The court instructed the jury on willful murder and accidental killing, but gave no instruction on either voluntary or involuntary manslaughter.
It is insisted that the lower court erred in failing to instruct the jury that they should find the appellant guilty of voluntary manslaughter if they believed he killed the deceased in sudden affray or sudden heat and passion, or if they believed the killing resulted from the reckless or grossly careless use of a deadly weapon by appellant. Appellant was not entitled to an instruction on voluntary manslaughter on the theory that the killing was done in sudden affray or sudden heat and passion. The deceased was not a party to the fight which occurred in the house and had furnished no provocation to appellant. It is doubtful whether appellant would have been entitled to such an instruction had he shot and killed one of the women engaged in the fight, since he had left the house, was out of danger, and probably reasonable time had elapsed for his passions to subside. To reduce homicide from murder to manslaughter because done in sudden heat and passion, there must have been a reasonable or adequate provocation for the crime, and that provocation must have been given by the deceased, except where the deceased is killed while the accused is shooting in sudden heat and passion at a third person. 29 C. J. p. 1146, sec. 132; Shelton v. Commonwealth, 145 Ky. 543, 140 S.W. 670.
We think, however, that under the facts, appellant was entitled to an instruction on voluntary manslaughter on the theory that the killing resulted from the wanton, reckless, or grossly careless use of a deadly weapon. One who kills another without malice by the reckless handling of a pistol, knowing its danger to life when so handled, is guilty of voluntary manslaughter. Jones v. Commonwealth, 213 Ky. 356, 281 S.W. 164; Davis v. Commonwealth, 204 Ky. 809, 265 S.W. 316; Speaks v. Commonwealth, 149 Ky. 393, 149 S.W. 850; Smith v. Commonwealth, 133 Ky. 532, 118 S.W. 368. There was some evidence that appellant fired the pistol at random on the public highway and did not intentionally aim it in the direction of the deceased. Some of the eyewitnesses testified that two bullets fired from the pistol struck the surface of the street and the third struck the side of the automobile. While the great weight of the evidence tends to show that appellant deliberately aimed the pistol in the direction of the deceased and fired, yet there is evidence from which the jury might have concluded that the death of the deceased resulted from the reckless or grossly careless firing of the pistol by appellant without any intention on his part to kill the deceased.
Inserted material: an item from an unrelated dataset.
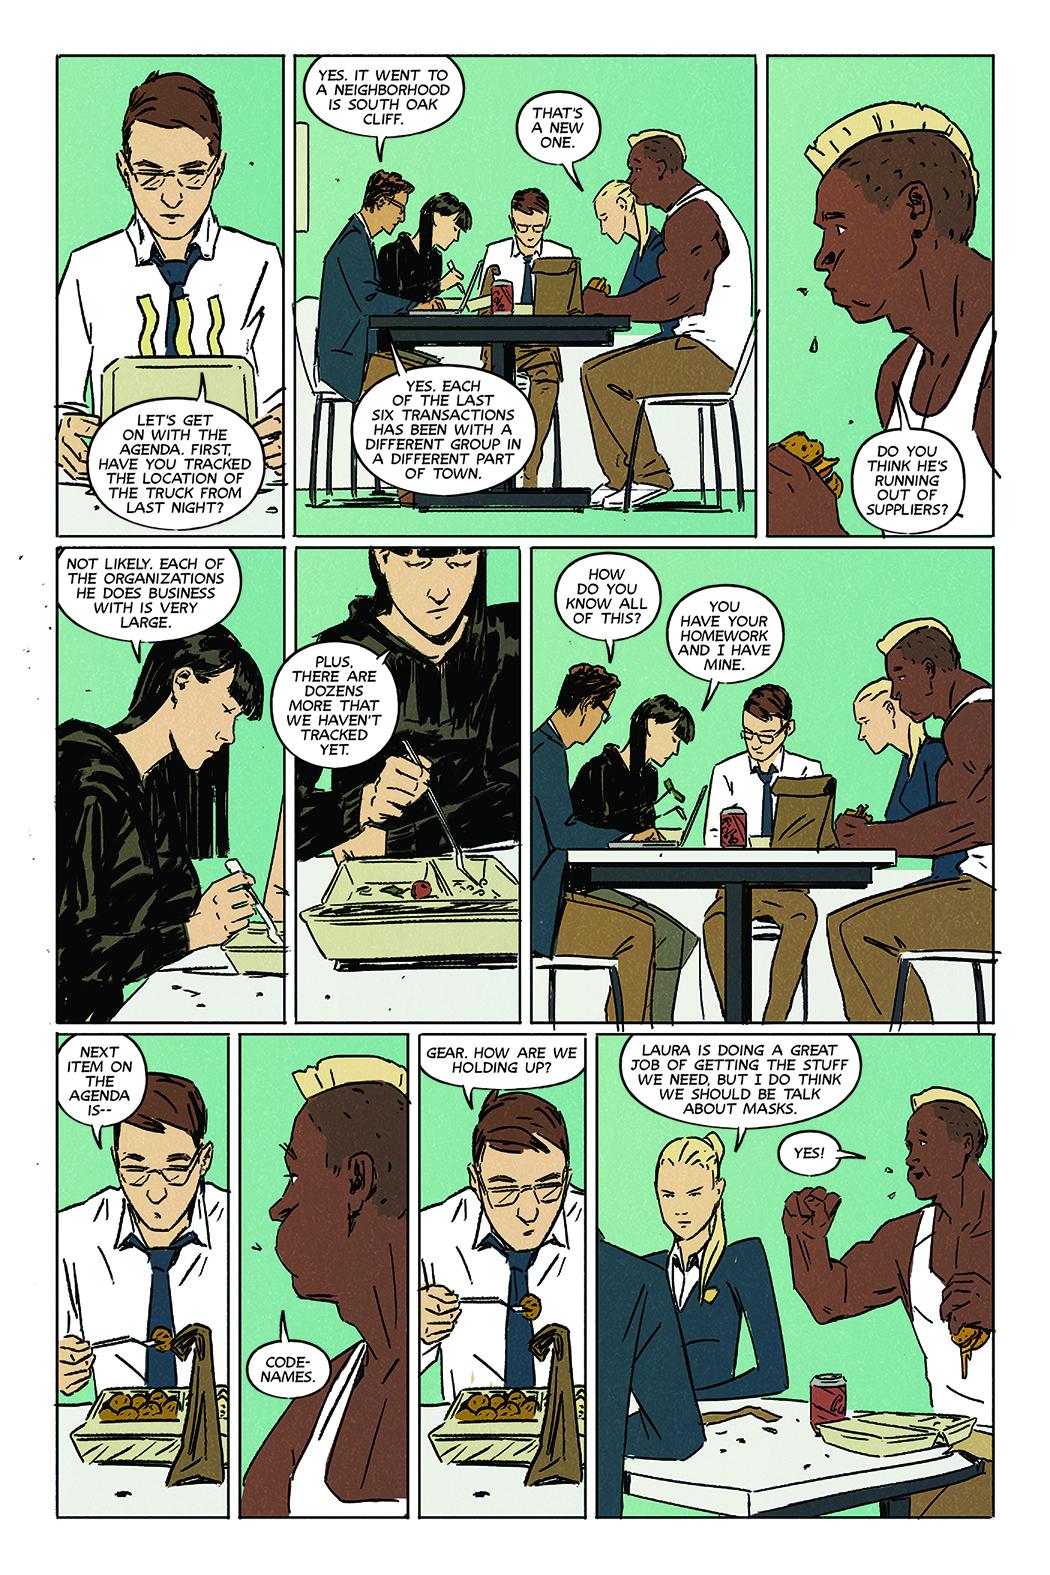 NIGHT OWL SOCIETY #2 PAGE 13 IDW

As appellant was entitled to instructions applicable to every state of case deducible from the evidence, it follows that the trial court erred in failing to give an instruction on voluntary manslaughter.
Under the cases above cited, an instruction on involuntary manslaughter, which is the killing of another person in doing some unlawful act, but without an intention to kill, also should have been given. Hatfield v. Commonwealth, 230 Ky. 630, 20 S.W.2d 461; Lewis v. Commonwealth, 140 Ky. 652, 131 S.W. 517; Blanton v. Commonwealth, 103 S.W. 329, 31 Ky. Law Rep. 800; Bush v. Commonwealth, 78 Ky. 268. Passing reference is made in appellant's brief to the failure of the trial court to give an instruction on insanity, but there was no evidence warranting such an instruction.
In view of our conclusion that a new trial must be had, a discussion of the other questions raised by appellant is rendered unnecessary.
Judgment is reversed, with directions to grant appellant a new trial.